Porter Airlines is once again stirring the pot among Canadian airline rivals, now going after Air Canada’s Aeroplan members by offering to match their loyalty status to an equivalent of their own.

The beloved airline, which recently ranked as having the best cabin service in North America, challenged the competition for the second time this year, after previously deploying a similar tactic against WestJet in the spring. 

Earlier in April, Porter presented customers with a limited-time offer to match the loyalty status of WestJet’s patrons with VIPorter levels.

Now, they’re offering Aeroplan members to seamlessly transition to an equivalent VIPorter Avid Traveller status based on their existing membership tier.

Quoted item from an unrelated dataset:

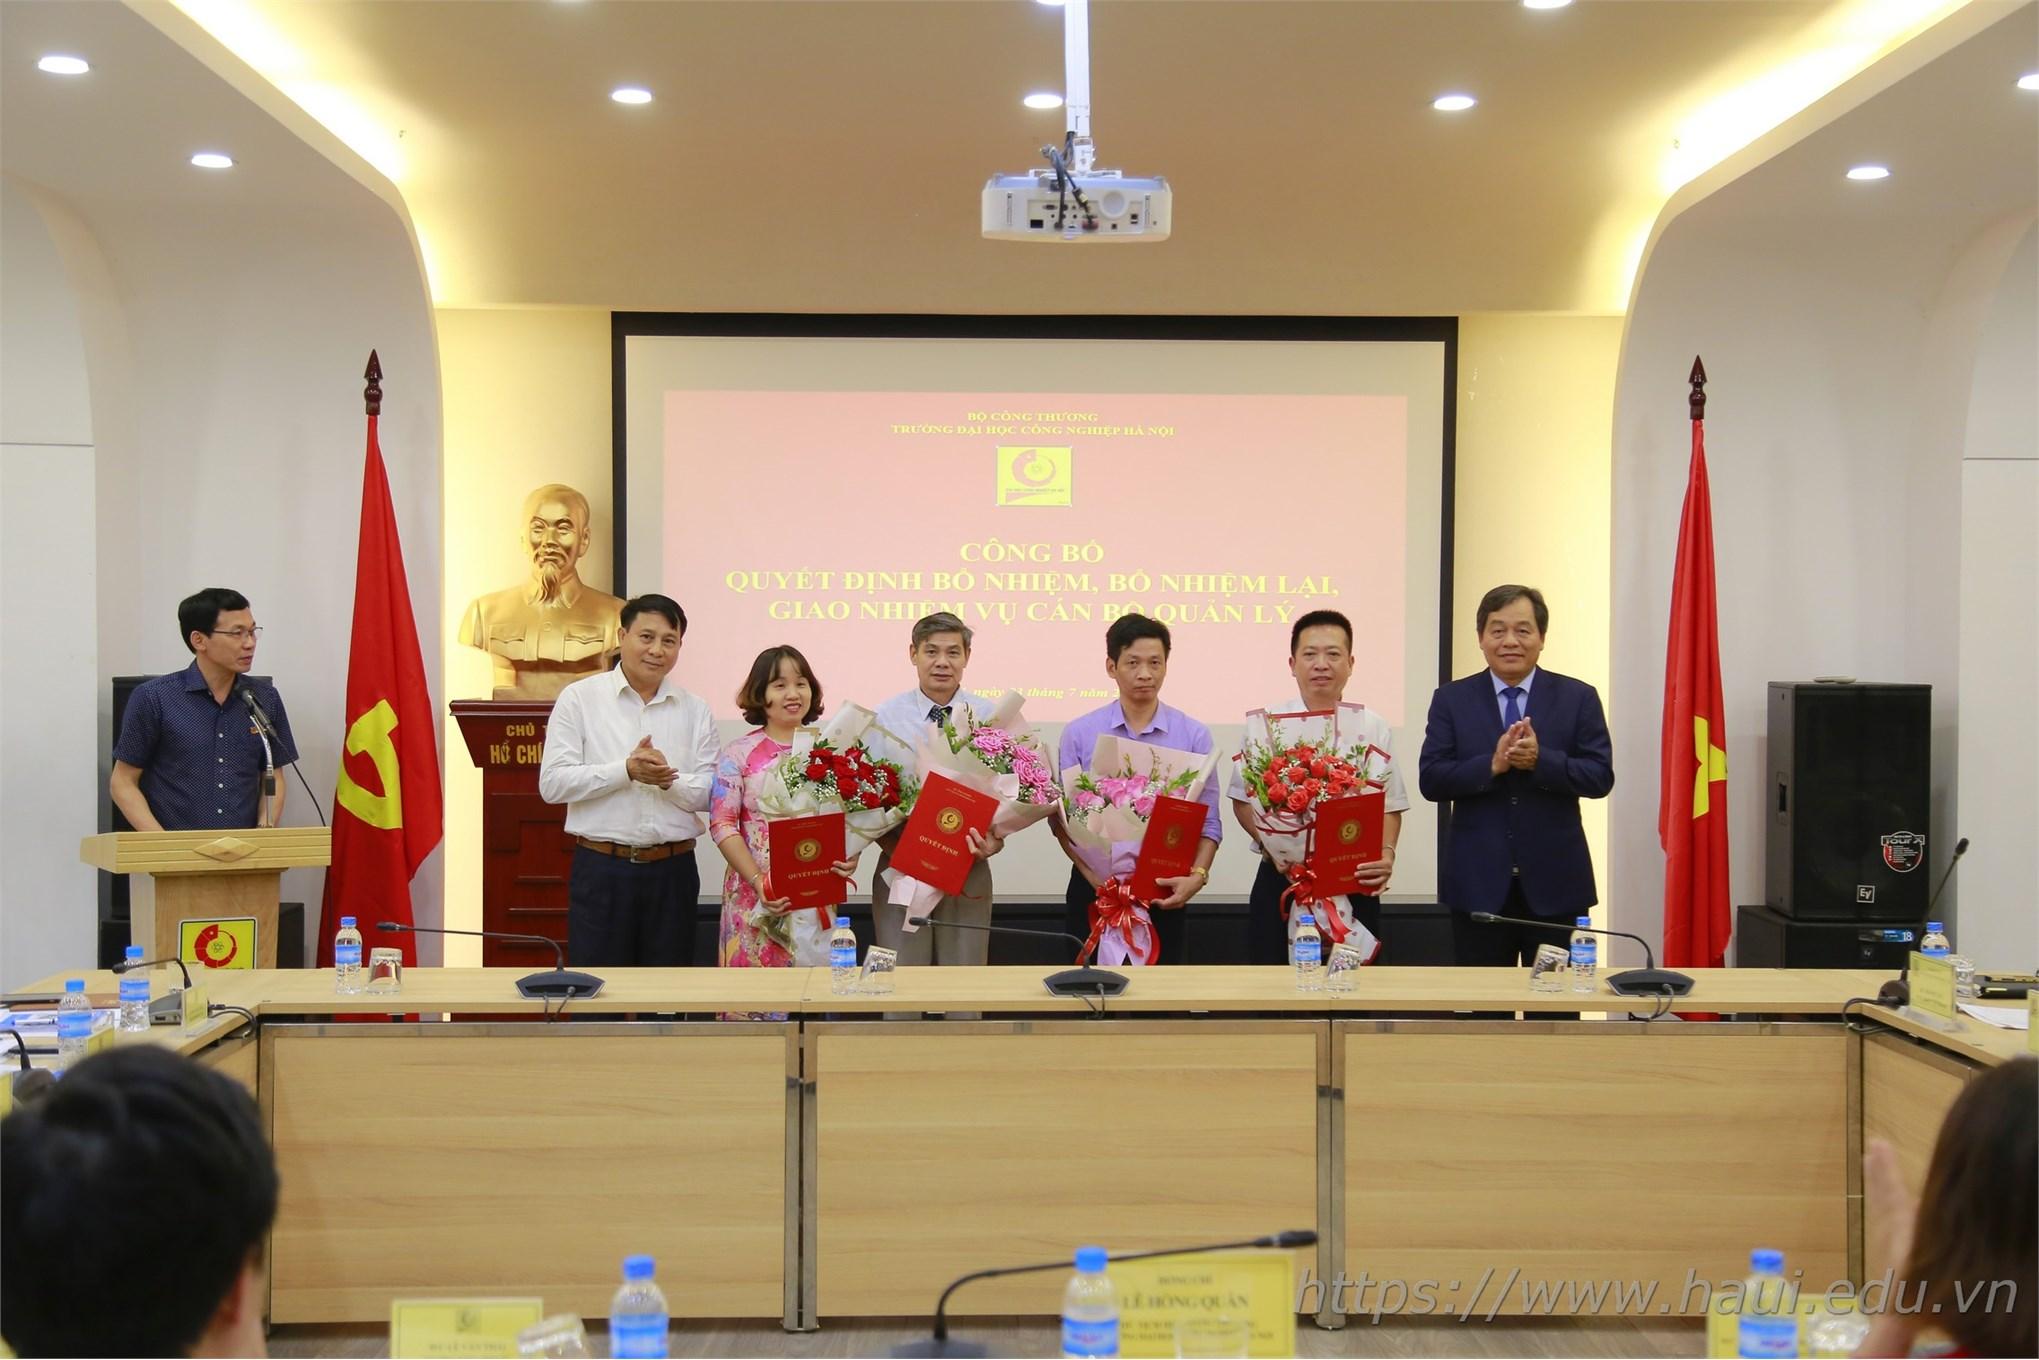 Đại học Công nghiệp Hà Nội trao Quyết định bổ nhiệm, bổ nhiệm lại, giao nhiệm vụ viên chức quản lý và công bố Quyết định bổ nhiệm Phó giáo sư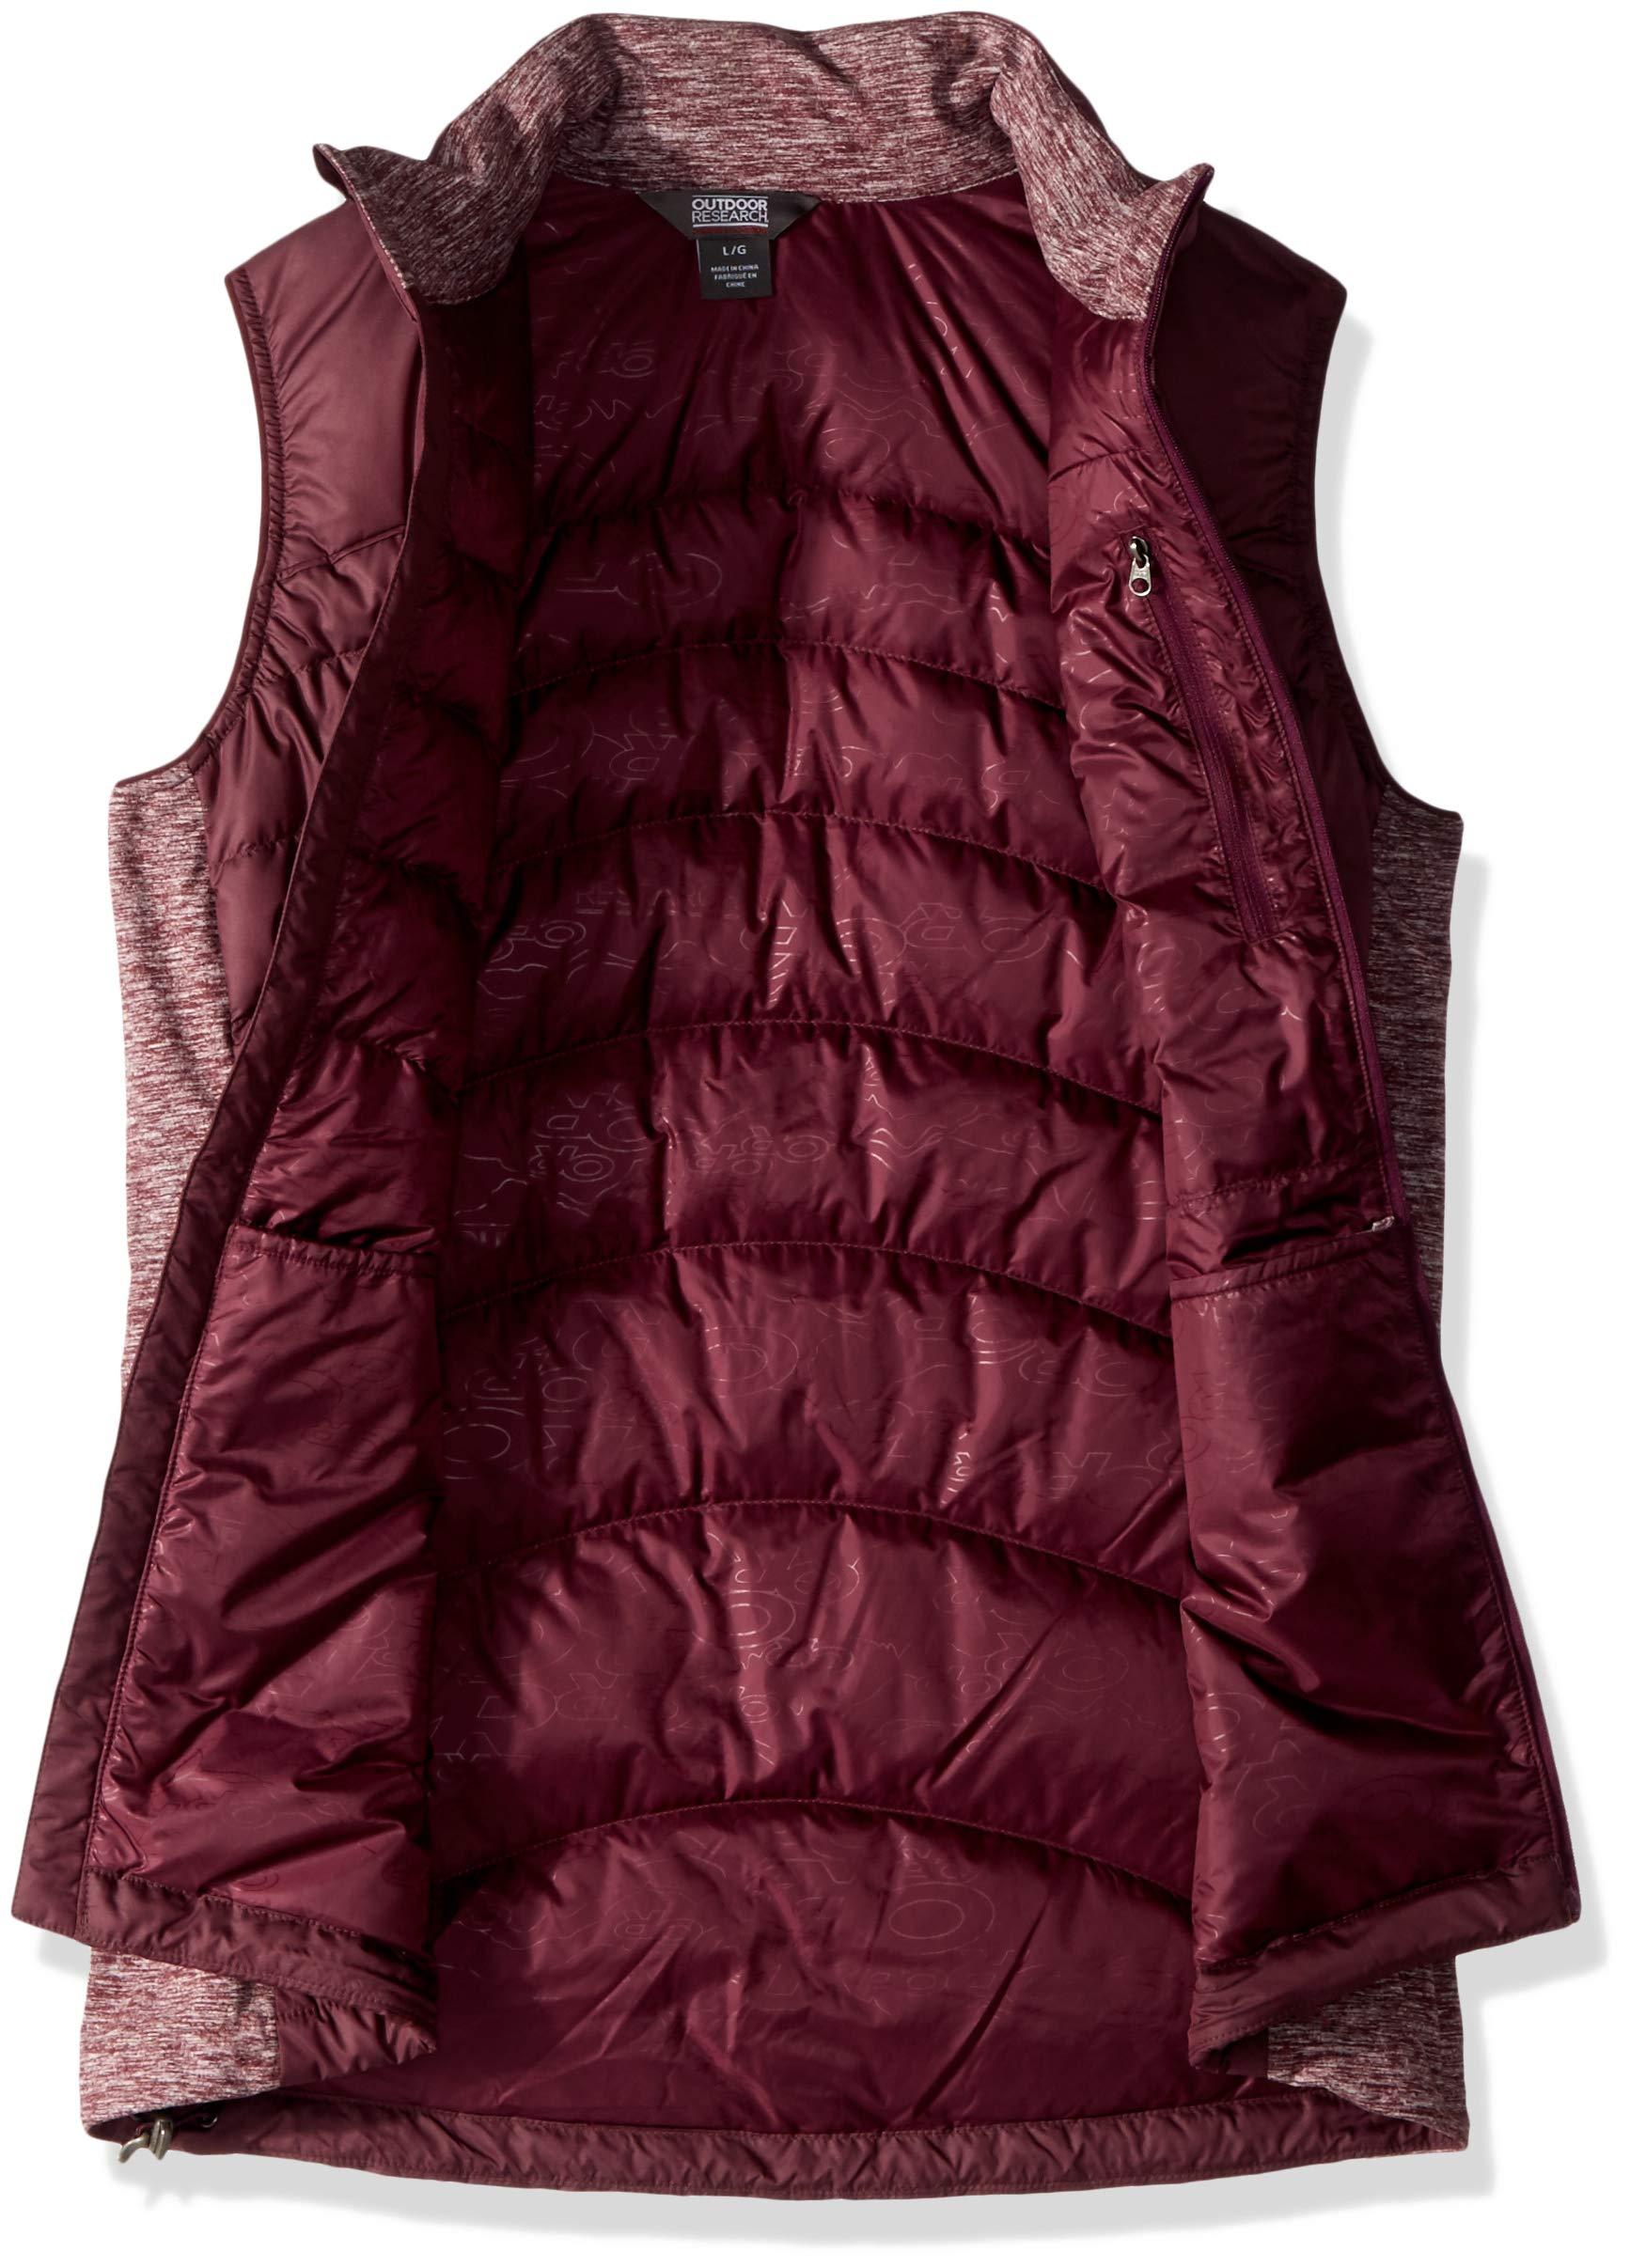 Outdoor Research Women's Plaza Vest

Members can then take advantage of an array of travel perks that come with flying Porter, including seat selection, baggage, and flight changes.

For those currently holding an Aeroplan membership, there are two ways to acquire the Avid Traveller status for the rest of 2023:

Status-Based Match:
  • Aeroplan 25K members = VIPorter Venture
  • Aeroplan 35K members = VIPorter Ascent
  • Aeroplan 50K, 75K, and Super Elite = VIPorter First
Flight Segments-Based Match:
  • 5 flight segments = VIPorter Passport
  • 8 segments = VIPorter Venture
  • 17 segments = VIPorter Ascent
  • 28 or more segments = VIPorter First

Members will have to first submit their applications on Porter’s website. Registration will remain open until September 6, 2023.

In order to maintain their membership level through 2024, customers will have until the end of 2023 to reach the following reduced qualifying spend (QS) targets:

  • Passport = $500 in QS
  • Venture = $750 in QS
  • Ascent = $1500 in QS
  • First = $2500 in QS

Over the past year, Porter has launched an aggressive expansion strategy, including everything from introducing longer flights on newly-purchased jet planes flying out of Toronto Pearson, free WiFi, and a new all-inclusive economy experience.

With Canadians losing both Swoop and Sunwing as WestJet incorporates both into their mainline business, Porter’s direct competition is welcome to keep prices competitive.